Bank of Canada’s business sentiment gauge turns negative and drops to lowest since 2016
Canada’s recent economic slowdown and global trade tensions have begun to impact businesses confidence, according to a Bank of Canada survey.
The Ottawa-based central bank’s first-quarter survey of executives — which took place in February and March — showed softening expectations for sales along with a sharp decline in the number of companies reporting labour shortages. The Bank of Canada’s composite gauge of sentiment turned negative and dropped to its lowest since 2016.
The main headwinds are a more uncertain outlook in the Western Canadian energy sector
The softening picture reflects how the confluence of headwinds — from global trade wars, to last year’s slump in oil prices and a sluggish housing market — is beginning to ripple through the nation’s economy. The report will only reinforce expectations the central bank will keep interest rates on hold indefinitely.
“The main headwinds are a more uncertain outlook in the Western Canadian energy sector, continued weakness in housing-related activity in some regions, and tangible impacts from global trade tensions,” the Bank of Canada said in the report in which it described the deterioration in sentiment as a “softening.”

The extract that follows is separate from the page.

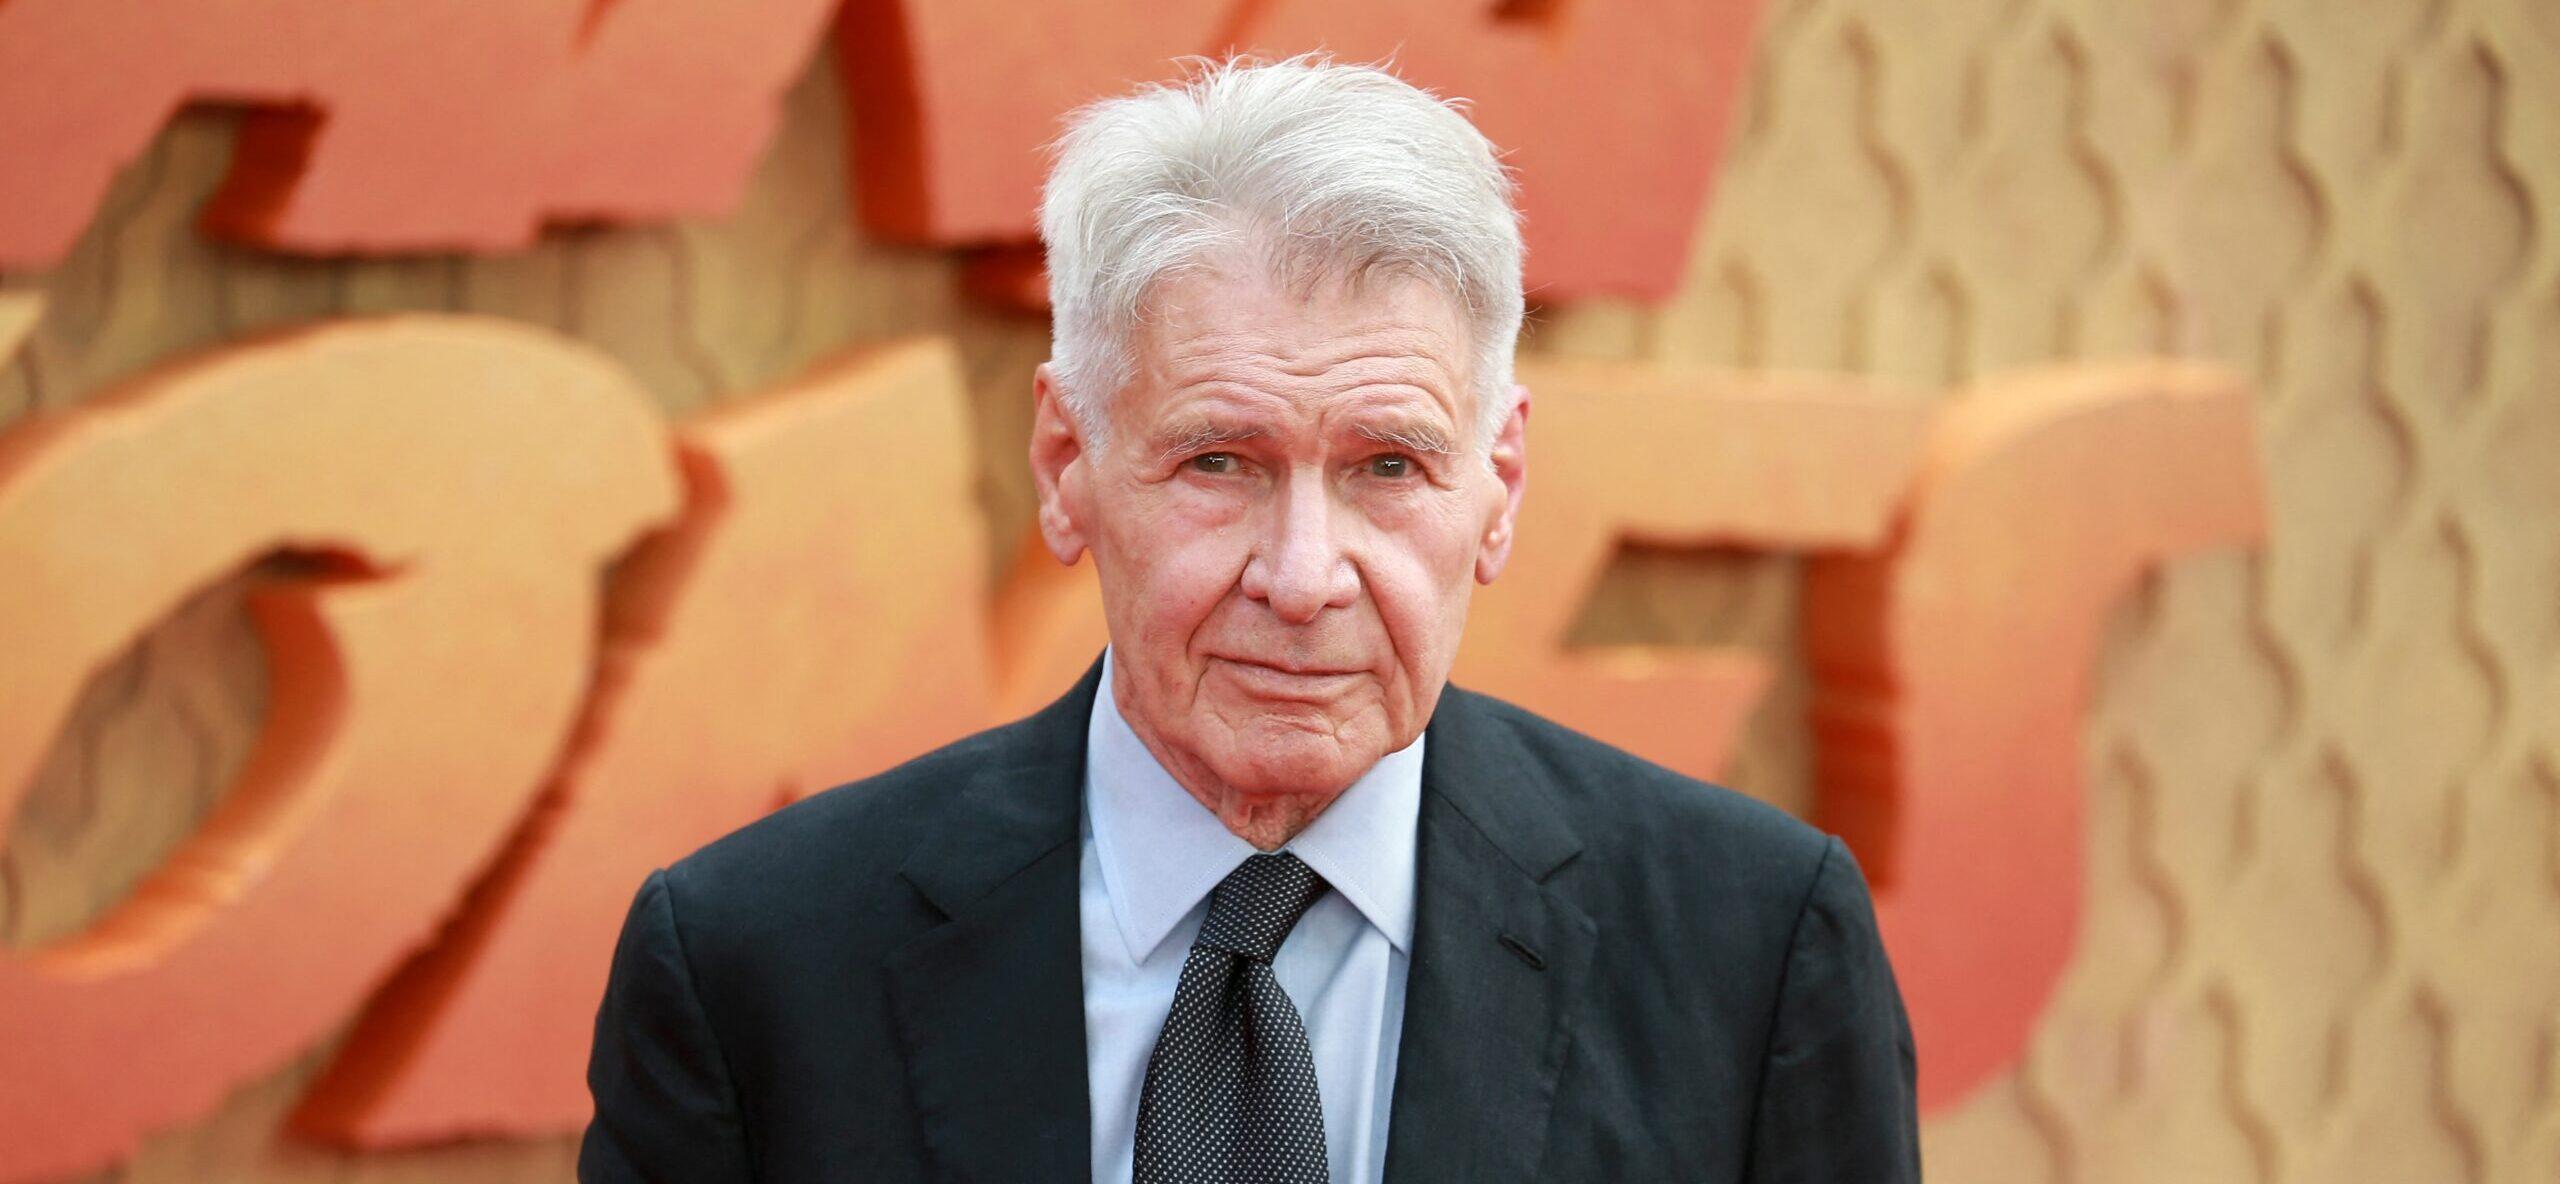 ‘Indiana Jones 5’ Tops Box Office Before July 4, Still Underperforms

Bank of Canada Governor Stephen Poloz puts significant weight on the survey, which he considers an important supplement to harder economic data. The survey provides insight into everything from investment intentions to the amount of slack in the economy and inflation expectations, and Monday’s report was almost universally negative.
More businesses reported their sales growth decelerated over the past 12 months, while expectations for future sales remained depressed.
The share of companies reporting at least some difficulty in meeting increased demand fell to 31 per cent, the lowest since 2015. Readings on labour shortages also weakened to multi-year lows, while inflation expectations showed a marked softening. About two-thirds of all executives surveyed expect inflation won’t surpass 2 per cent over the next two years.
One positive is investment and employment intentions remain robust, even though there was some softening for these questions as well. Among those surveyed, 39 per cent said they expect to increase spending on machinery and equipment, which is about the historical average but down from recent levels. Almost half the executives surveyed said they expect to raise employment levels over the next 12 months.
The survey also found expectations for growth in the U.S. moderating. The share of businesses anticipating slow growth in the U.S over the next 12 months rose to 70 per cent in the survey, from 42 per cent three months earlier.